For Michael Ray, the Advantage Loan was the difference between being able to move forward and having to wait. He and his wife were selling their current home and didn't want to lose time renting in between. Without the Advantage Loan, he said, he wouldn't have been able to buy the home he wanted on his timeline.
Common Misconceptions That Slow Veterans Down
Misconceptions about the VA loan are still everywhere, and they often come from professionals who should know better. The VA's quick reference for real estate professionals addresses several of the most common ones.
- VA loans take too long to close. The VA reports that closing times are competitive with conventional and FHA loans.
- VA loans require a down payment. They generally don't, as long as the sales price doesn't exceed the appraised value.
- The COE process is slow. Most lenders can pull a COE electronically, often the same day.
- VA loans don't work for condos. They do, as long as the development is on the VA's approved condo list.
The pattern shows up consistently across all four. Veterans who haven't used their benefit often don't know what's possible, and the professionals around them sometimes don't either. That's a knowledge gap a military-focused lender is positioned to close before it costs a Veteran a home.
How to Prepare for VA Loan Pre-Approval
A few practical steps make the pre-approval phase smoother and faster.
- Gather your service documentation. For Veterans, that means a DD-214. For active-duty service members, a statement of service from your command works.
- Pull your most recent LES or pay stubs, plus two years of W-2s or tax returns.
- Have asset documentation ready, including bank statements and any retirement accounts.

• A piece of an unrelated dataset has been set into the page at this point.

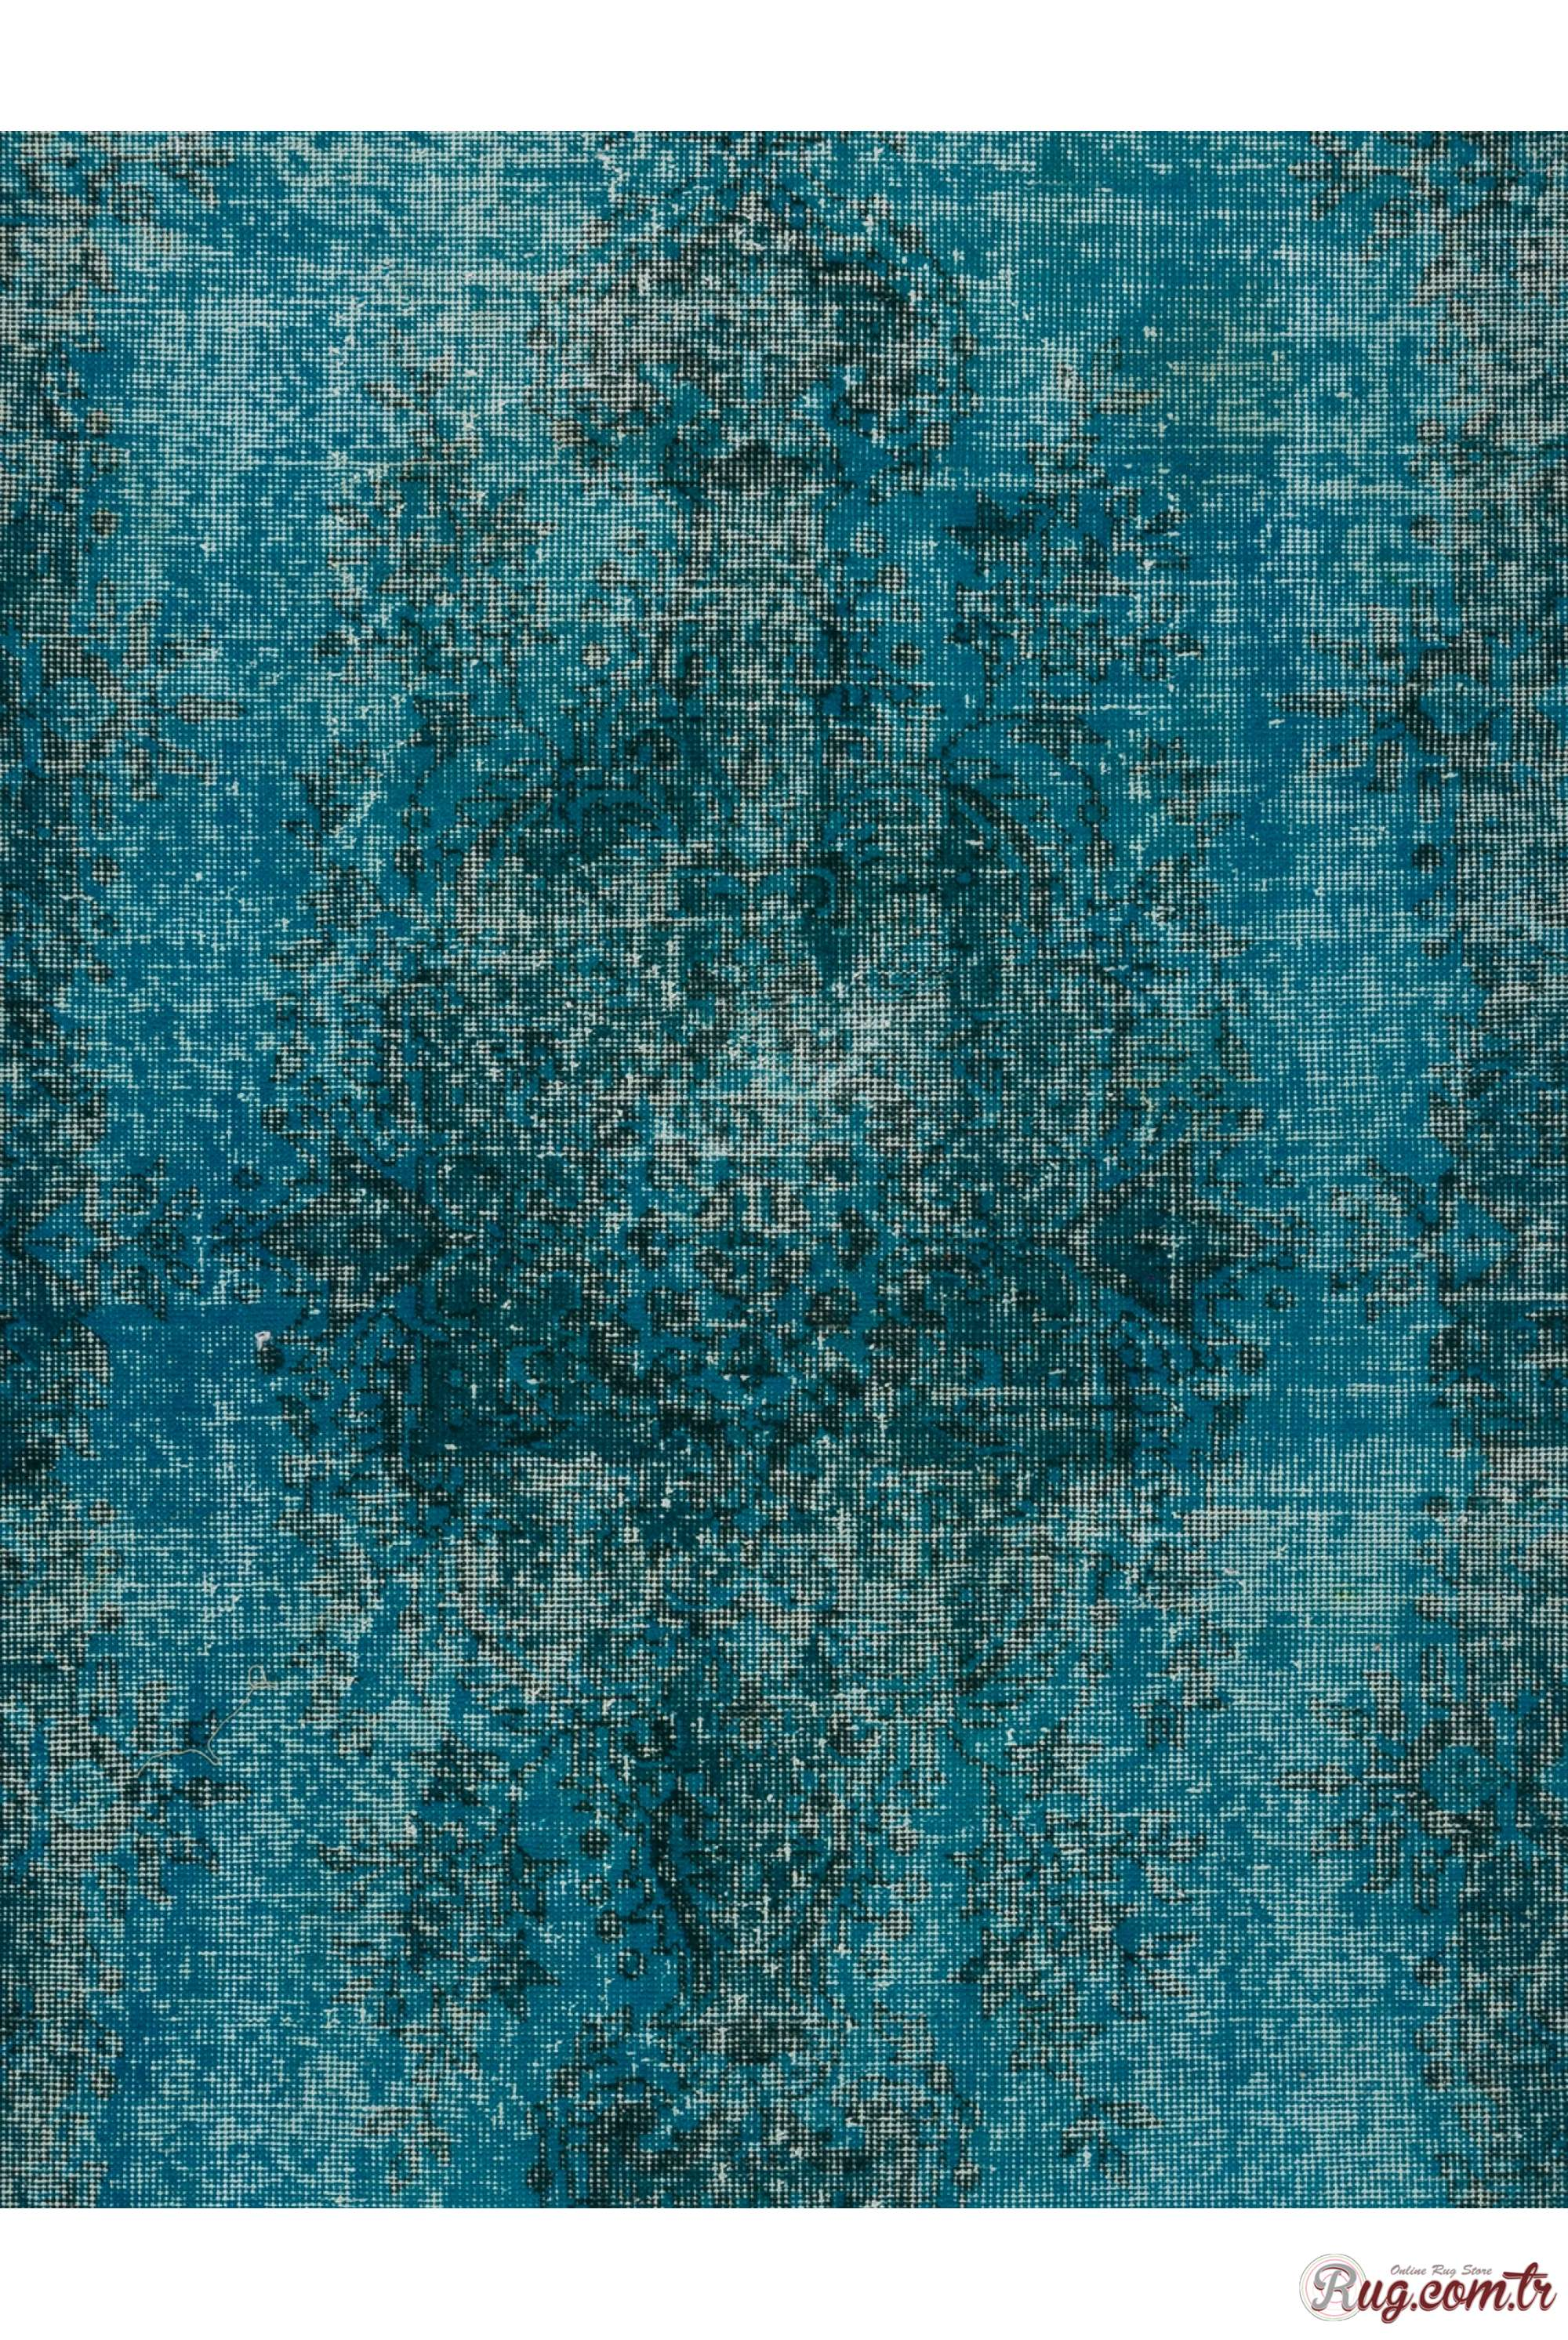 3 9 X 7 115 212 Cm Bondi Blue Color

- Avoid opening new credit lines or making large purchases during the pre-approval process. New debt changes your debt-to-income ratio.
- Be upfront about timing. If you're under a PCS deadline or end-of-lease pressure, tell your loan officer early. That information shapes how the file moves.

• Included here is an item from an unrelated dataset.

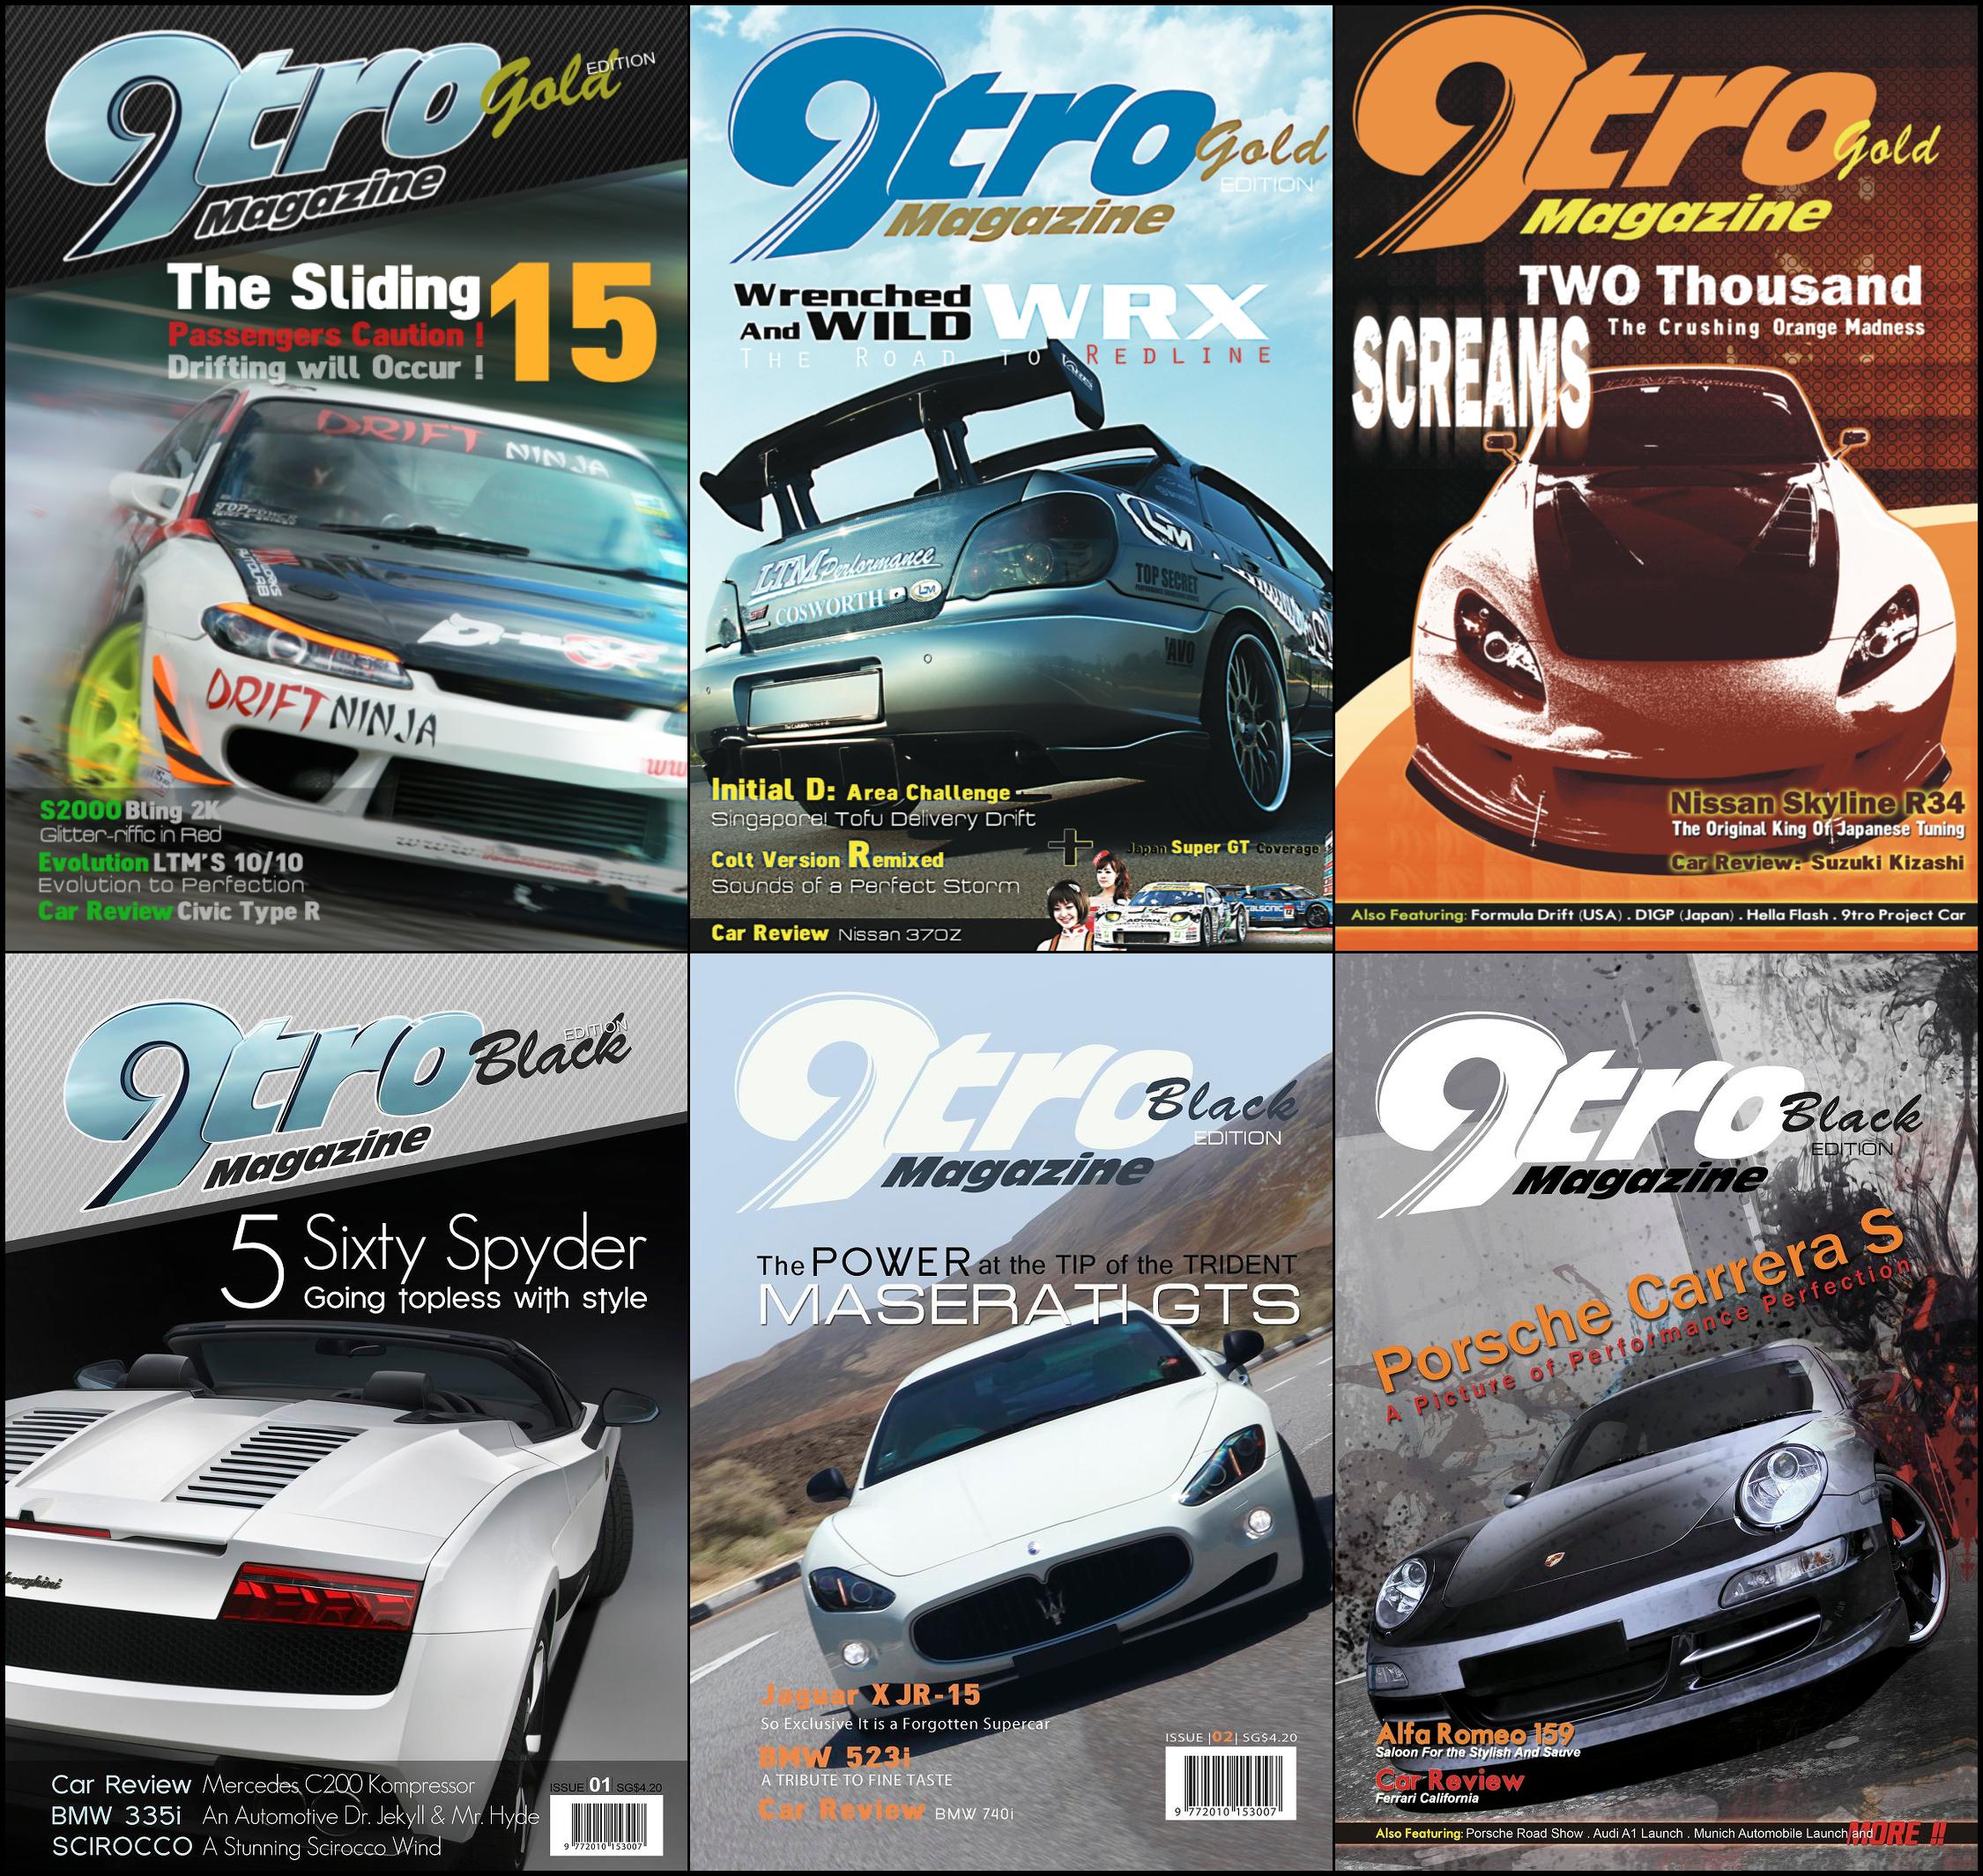 9tro Magazine Cover 3.jpg

Read more about VA loans and how to put your earned benefit to work.
What a Military-Focused Pre-Approval Looks Like in Practice
Service documentation pulled first. DD-214 for Veterans, statement of service for active duty, ready before anything else.
Certificate of Eligibility retrieved electronically. With lender access to WebLGY, eligibility can often be confirmed the same day rather than waiting on a mailed request.
Military income reviewed in full. BAH, BAS, special pay, and combat pay all factored in, with LES and statement-of-service documentation read fluently.
Funding fee status confirmed. Service-connected disability exemptions identified up front, since they change what a borrower qualifies for.
Advantage Loan considered where it fits. For borrowers selling one home and buying another, the companion personal loan bridges closing costs without requiring savings to be drained.
Pre-approval letter issued. Documented, underwriting-reviewed, and ready for a competitive offer.
FAQs
What income counts toward VA loan qualification? Military income sources like BAH, BAS, and special pay all count, and lenders who handle VA loans daily know how to document and verify them correctly.
How long does it take to get a Certificate of Eligibility? Lenders with access to the VA's WebLGY portal can often pull your COE electronically the same day, far faster than requesting it yourself.
What if I'm buying a new home before my current one sells? The NewDay Home Advantage Loan can cover closing costs and bridge the gap between buying and selling, with interest refunded if repaid within one year.
Do Veterans with a service-connected disability have to pay the VA funding fee? No. Veterans receiving service-connected disability compensation are typically exempt, which can meaningfully affect how much you qualify to borrow.